Characterizing of a unique Al/Cu FGMMC fabricated via the ARB-CRB process followed by annealing

Abstract

This study investigates the influence of different annealing temperatures on the microstructure and growth of the intermetallic phase in an Al/Cu functionally graded metal matrix composite (FGMMC ( produced by the accumulative roll bonding (ARB)-cold roll bonding (CRB) process. SEM images show the evolving distribution of Cu content in the composite, with the finest and thinnest Cu layer observed in the Al/20Cu region. The annealing at 400°C and 450°C for 2, 4, and 6 hours results in the formation of intermetallic layers (Al2Cu, Al4Cu9, and AlCu) with a clear progression from the Al side to the Cu side, as confirmed by SEM-EDS and TEM analysis. Increasing the annealing conditions increases the thickness of the intermetallic layers. In addition, the intermetallic layers are thicker in the FGMMC sample than in the ARB sample under the same conditions due to the additional strain during the process. The findings demonstrate that a diffusion-controlled mechanism governs the growth of the Al2Cu, Al4Cu9, and AlCu layers.
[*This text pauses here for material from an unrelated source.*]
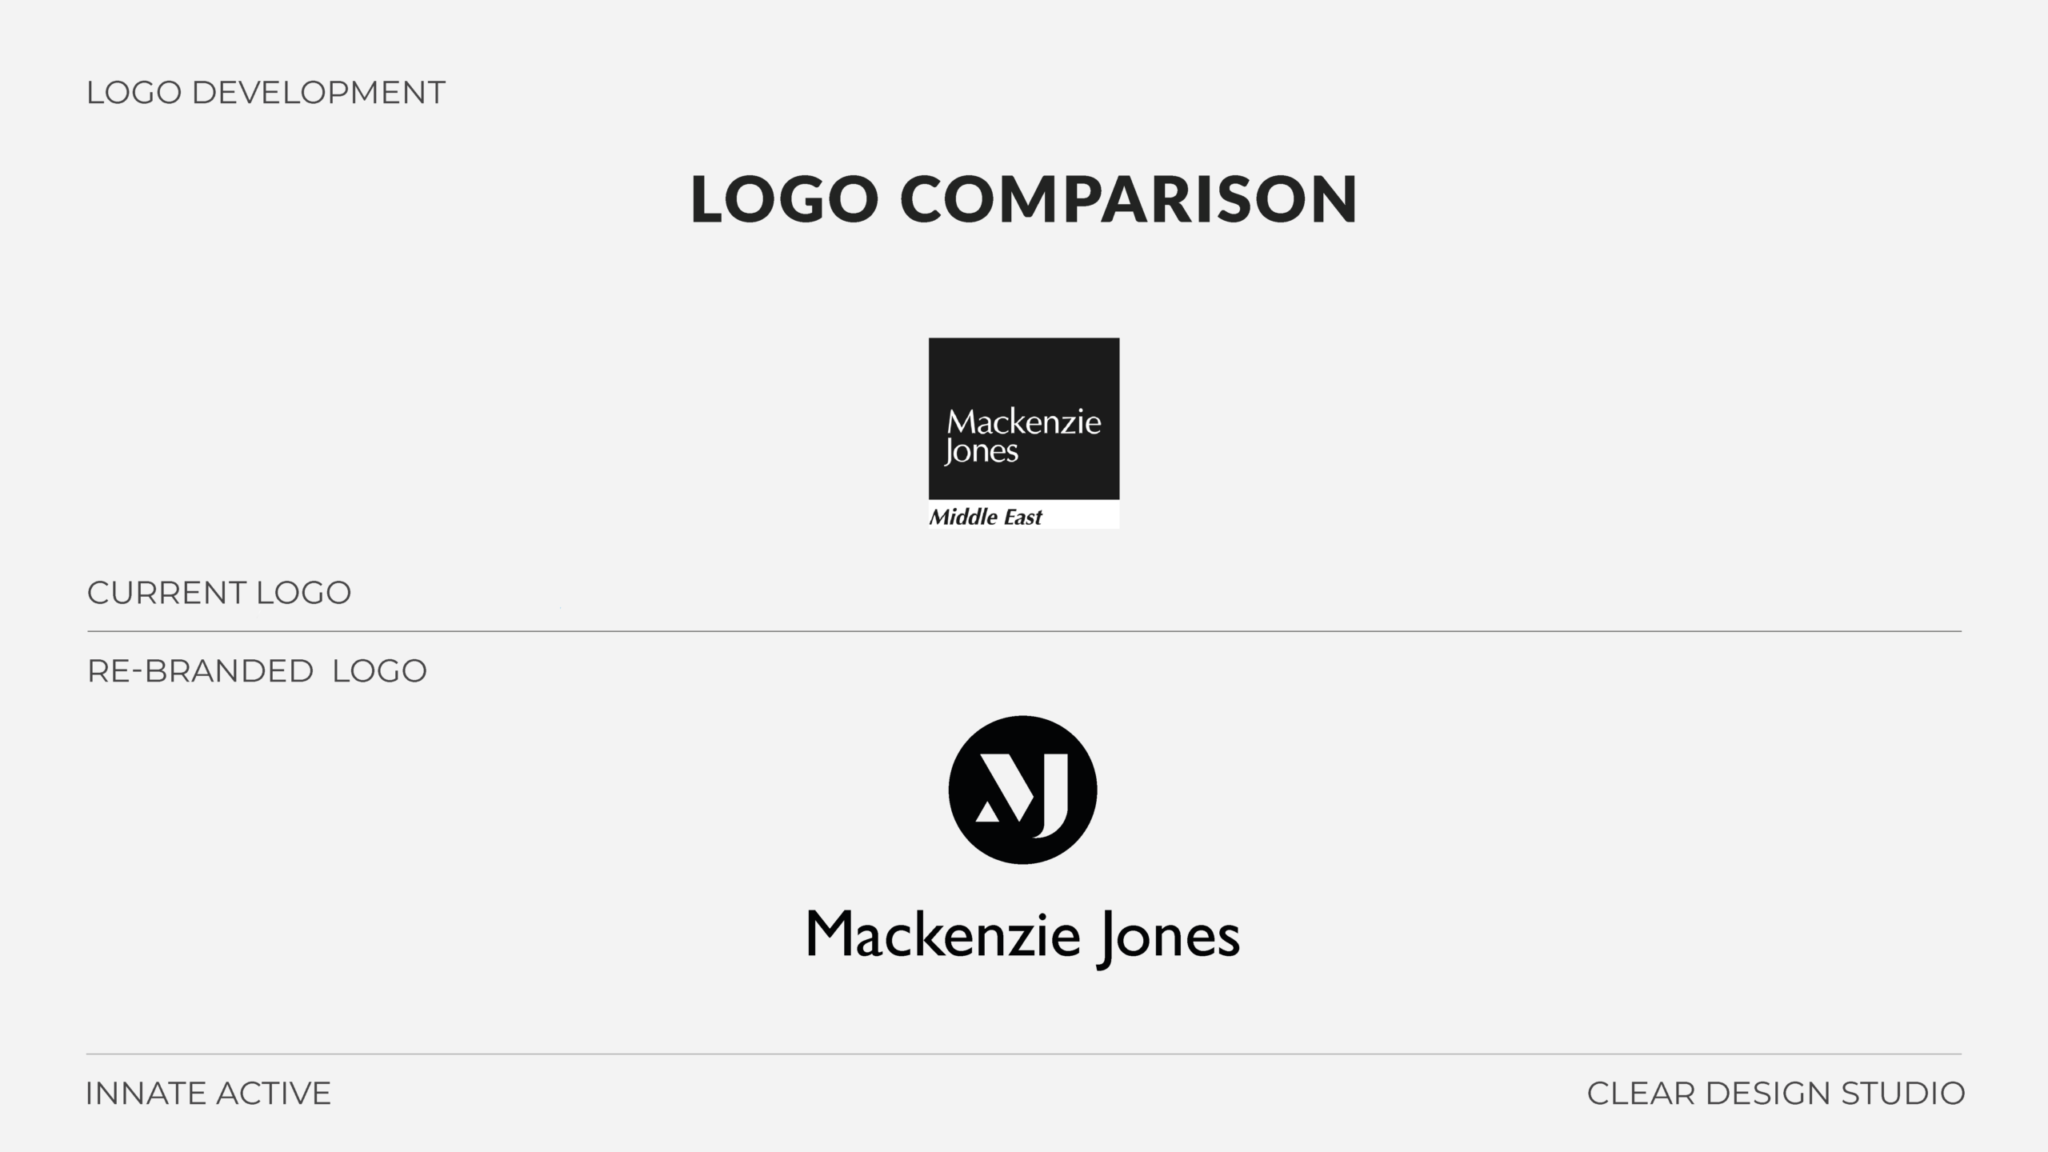 Mackenzie Jones Logo Design Presentation 2

The tensile test results indicate that as the Cu content increases from 20 wt% to 80 wt%, the ultimate tensile strength of the layers increases from 288.24 MPa to 373.66 MPa, while the elongation decreases from 8.2 % to 5.3 %. After annealing, however, these values decreased due to the restoration phenomenon and intermetallic formation. The fracture surface predominantly exhibits a brittle mode, especially with increasing Cu content and annealing conditions.